4.3. Combination Feature Classification Experiment

In the classification task of natural language processing research, feature combination can often reduce the classification error rate more effectively. Table 5 lists the classification experiment results based on the maximum entropy model after combining the three typical word posterior probability features described in this paper and the three linguistic features. It can be seen from Figure 8 that, in terms of CER, compared with the baseline system, the CER of the three combined features has been reduced by 13.14%, 14.25%, and 13.92% (relative values), respectively, and the F value has also been significantly improved.
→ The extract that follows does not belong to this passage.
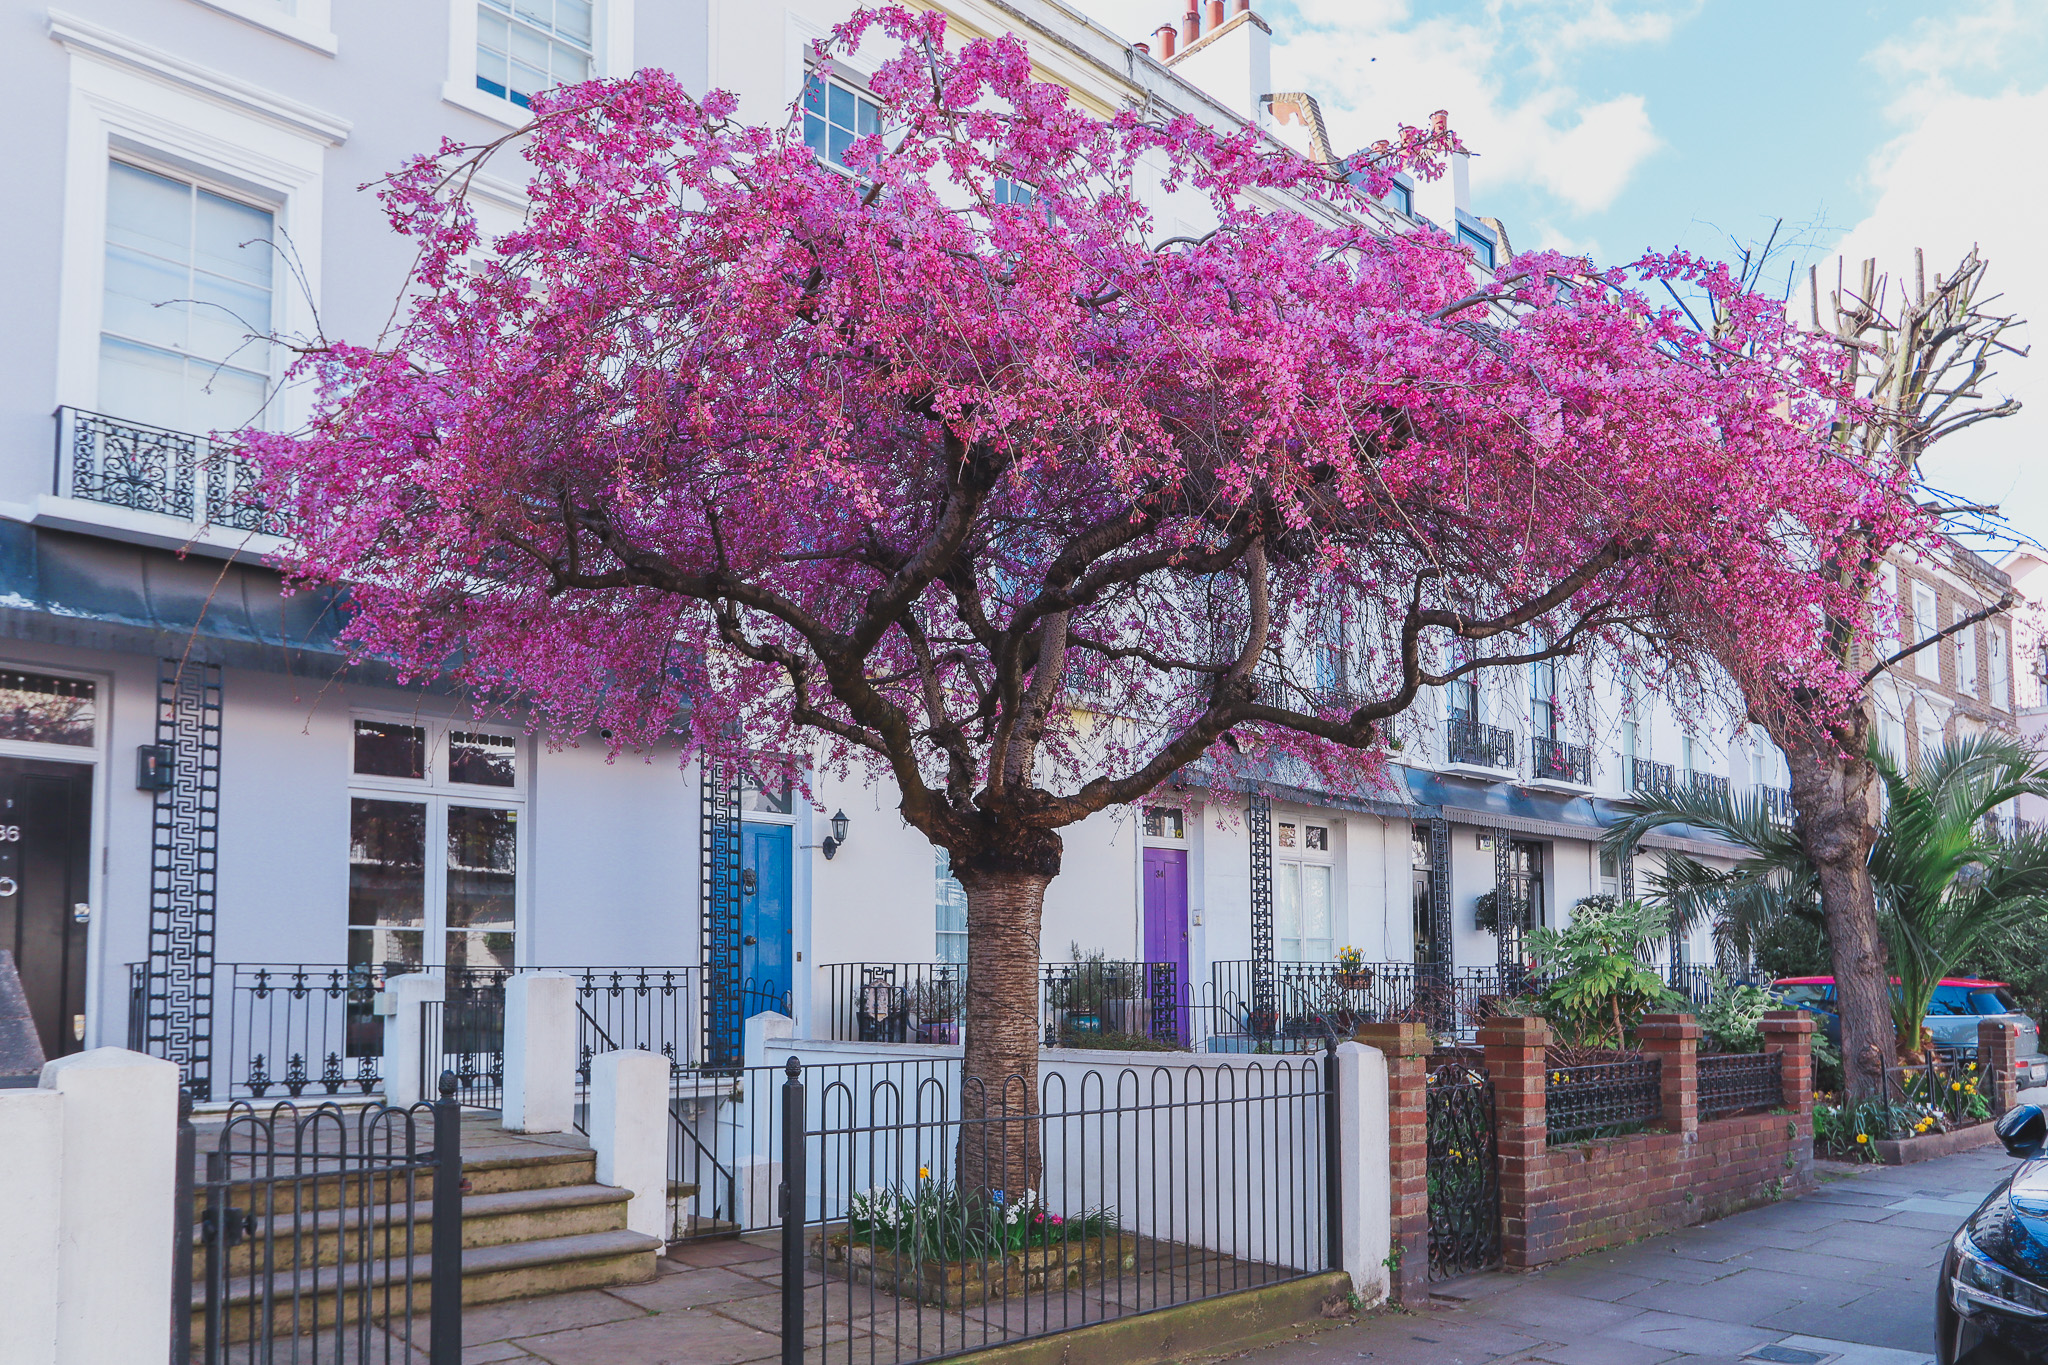 Pink blossoms in Northumberland Place, London
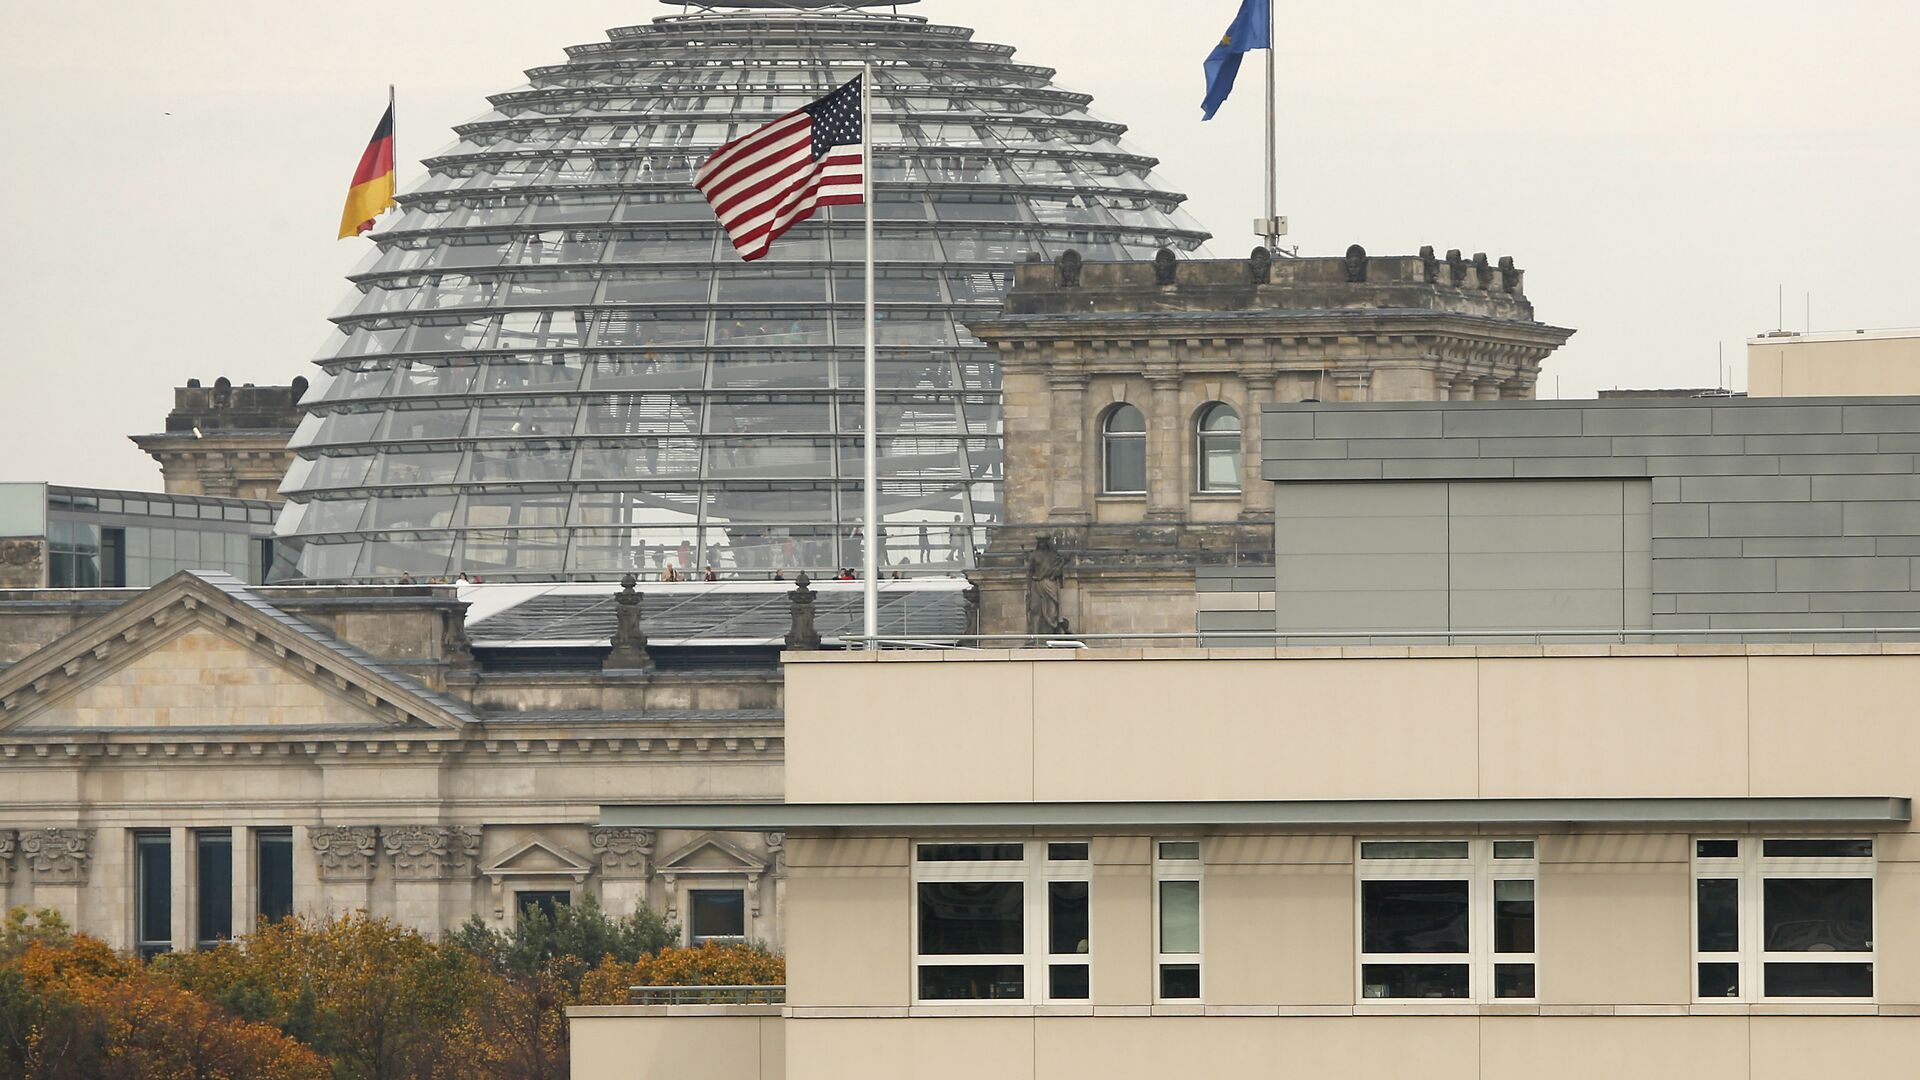 American flag flies on top of the U.S. embassy in front of the Reichstag building that houses the German Parliament, Bundestag, in Berlin, Germany (File) - Sputnik International, 1920, 21.06.2021

Although the classification performance of the three feature combinations is not significant, the classification characteristics of the three feature combinations are consistent with those of a single WPP feature; that is, the combination “Win + Word + POS + Link” has the lowest classification error rate and the combination “Dir + Word + POS + Link” has the highest F value, indicating that the word posterior probability feature based on the sliding window position can capture more contextual information, so that its ability to distinguish translation errors is stronger than the word posterior probability feature based on a fixed position. This ability is manifested not only in the comparison of individual features but also in combined features. While comparing the combined effects of three different WPP features, Table 5 also reveals the contribution of linguistic features to error detection, indicating that linguistic features can effectively reduce the classification error rate and improve the ability of error prediction.

5. Conclusion

This paper proposes a new reordering instance extraction algorithm and adds new features on this basis to achieve better translation results. First, the problem of data imbalance in the maximum entropy training process is directly solved by limiting the number of order-preserving instances, and the translation performance is reduced due to too little feature information. On this basis, the addition of first word features and combination features improves translation performance. Second, the third type of phrase combination order is introduced, that is, nonadjacent cases other than order-preserving and reverse-ordering; although the BLEU value has decreased, it is still higher than the baseline system. Finally, this article attempts to expand the unaligned words in aligned phrases in the experiment, increase the amount of reranking example feature data, and achieve the best translation performance. In the next step, we will continue to study the impact of reordering instance features on translation performance, focusing on the integration of syntactic knowledge features, hoping to further improve translation performance. In addition, we will further explore the improvement of the decoder based on the bracketed transcription grammar framework, so that it can handle the situation where the source language phrases are adjacent but the target language phrases are not adjacent.

Data Availability

The data used to support the findings of this study are available from the corresponding author upon request.

Conflicts of Interest

The author declares that there are no conflicts of interest or personal relationships that could have appeared to influence the work reported in this paper.

Acknowledgments

This work was supported by the Key Humanities and Social Sciences Project in Anhui Province in 2019: A Study of Interpersonal Strategies in Intercultural Communication (no. SK2019A0662).